(Aim of the task): Of all the entries below, retype only the lines from the one with "Đồng chí Phan" through the one with "Ремонт торгового-промышленного холодильника", exactly as they appear.

[Given records Boundary: Start]

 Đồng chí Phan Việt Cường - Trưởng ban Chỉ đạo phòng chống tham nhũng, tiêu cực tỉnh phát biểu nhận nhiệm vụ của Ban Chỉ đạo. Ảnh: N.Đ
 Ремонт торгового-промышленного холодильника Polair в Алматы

[Given records Boundary: End]
[Given records Boundary: Start]

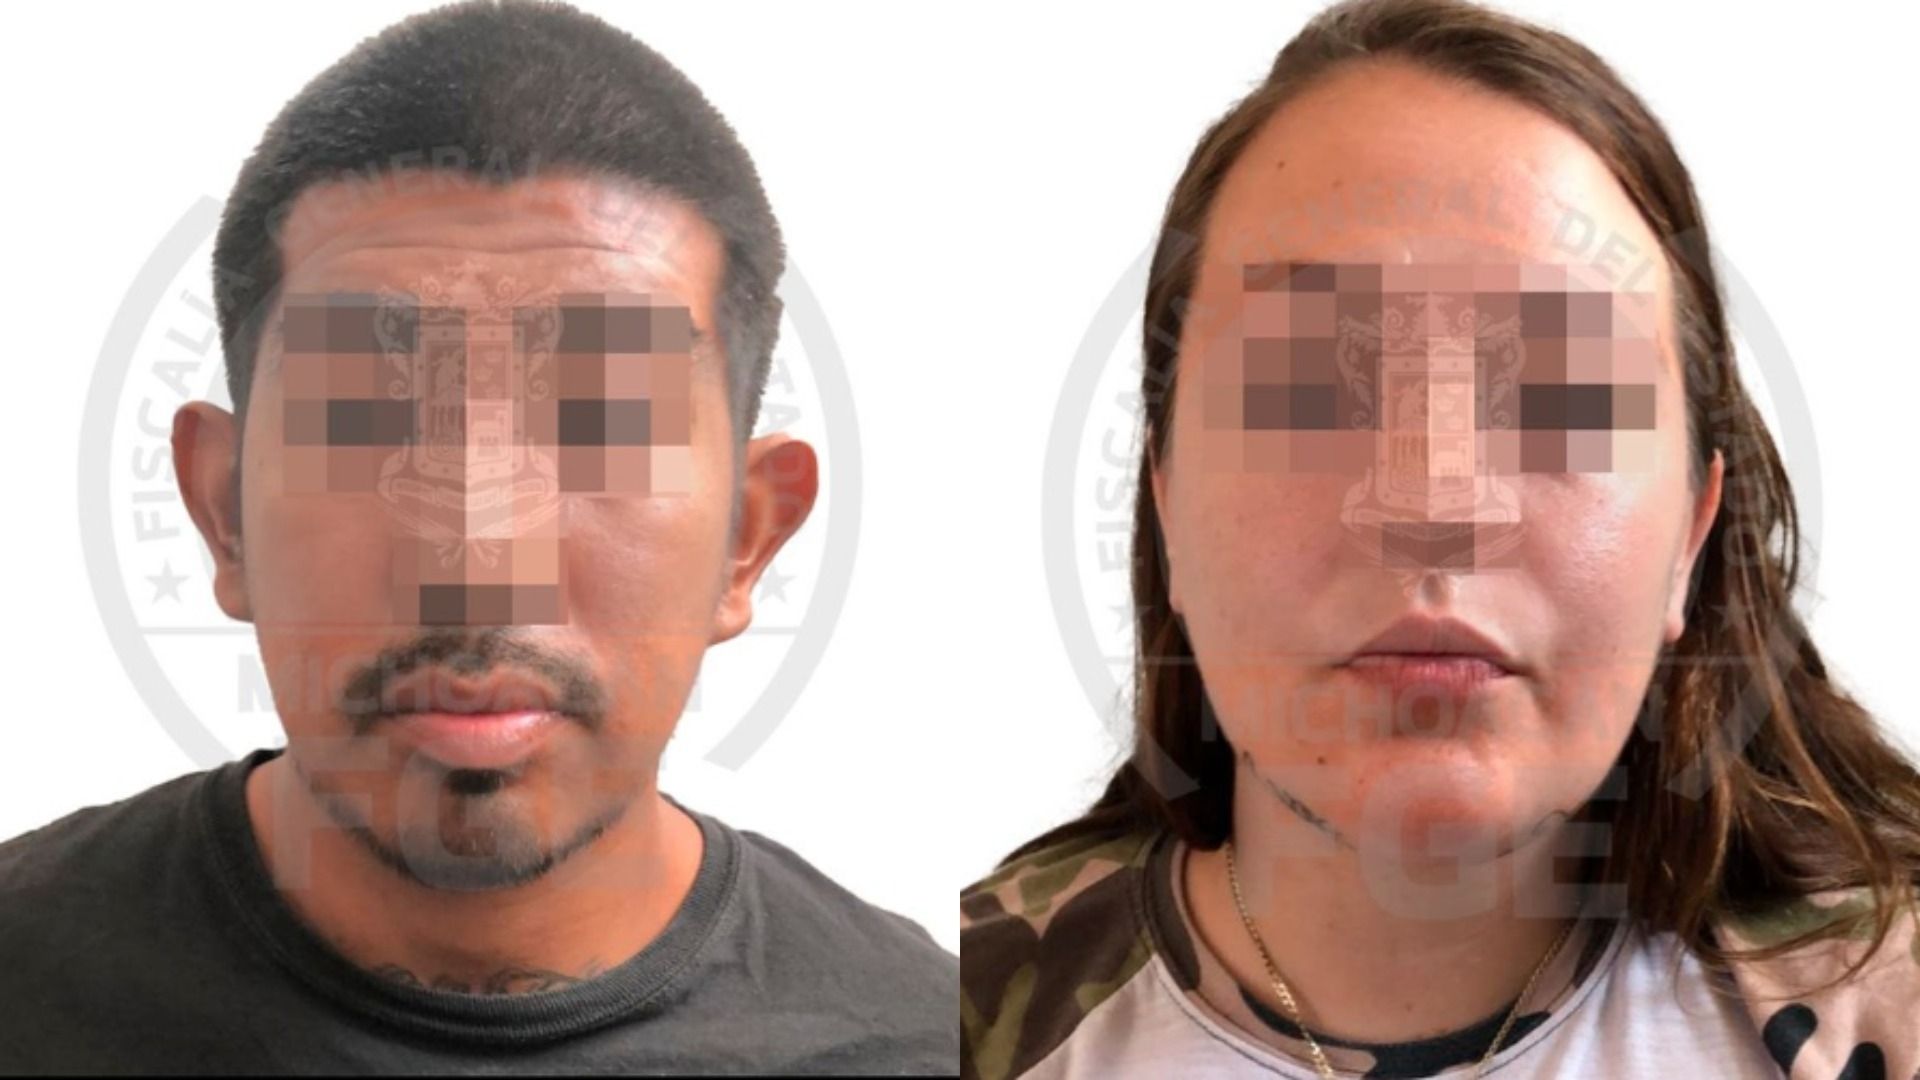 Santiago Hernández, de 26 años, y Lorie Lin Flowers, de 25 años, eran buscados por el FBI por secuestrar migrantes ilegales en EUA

[Given records Boundary: End]
[Given records Boundary: Start]

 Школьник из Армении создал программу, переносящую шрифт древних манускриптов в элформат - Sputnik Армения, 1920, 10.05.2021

[Given records Boundary: End]

(Exercise result):
 Đồng chí Phan Việt Cường - Trưởng ban Chỉ đạo phòng chống tham nhũng, tiêu cực tỉnh phát biểu nhận nhiệm vụ của Ban Chỉ đạo. Ảnh: N.Đ
 Ремонт торгового-промышленного холодильника Polair в Алматы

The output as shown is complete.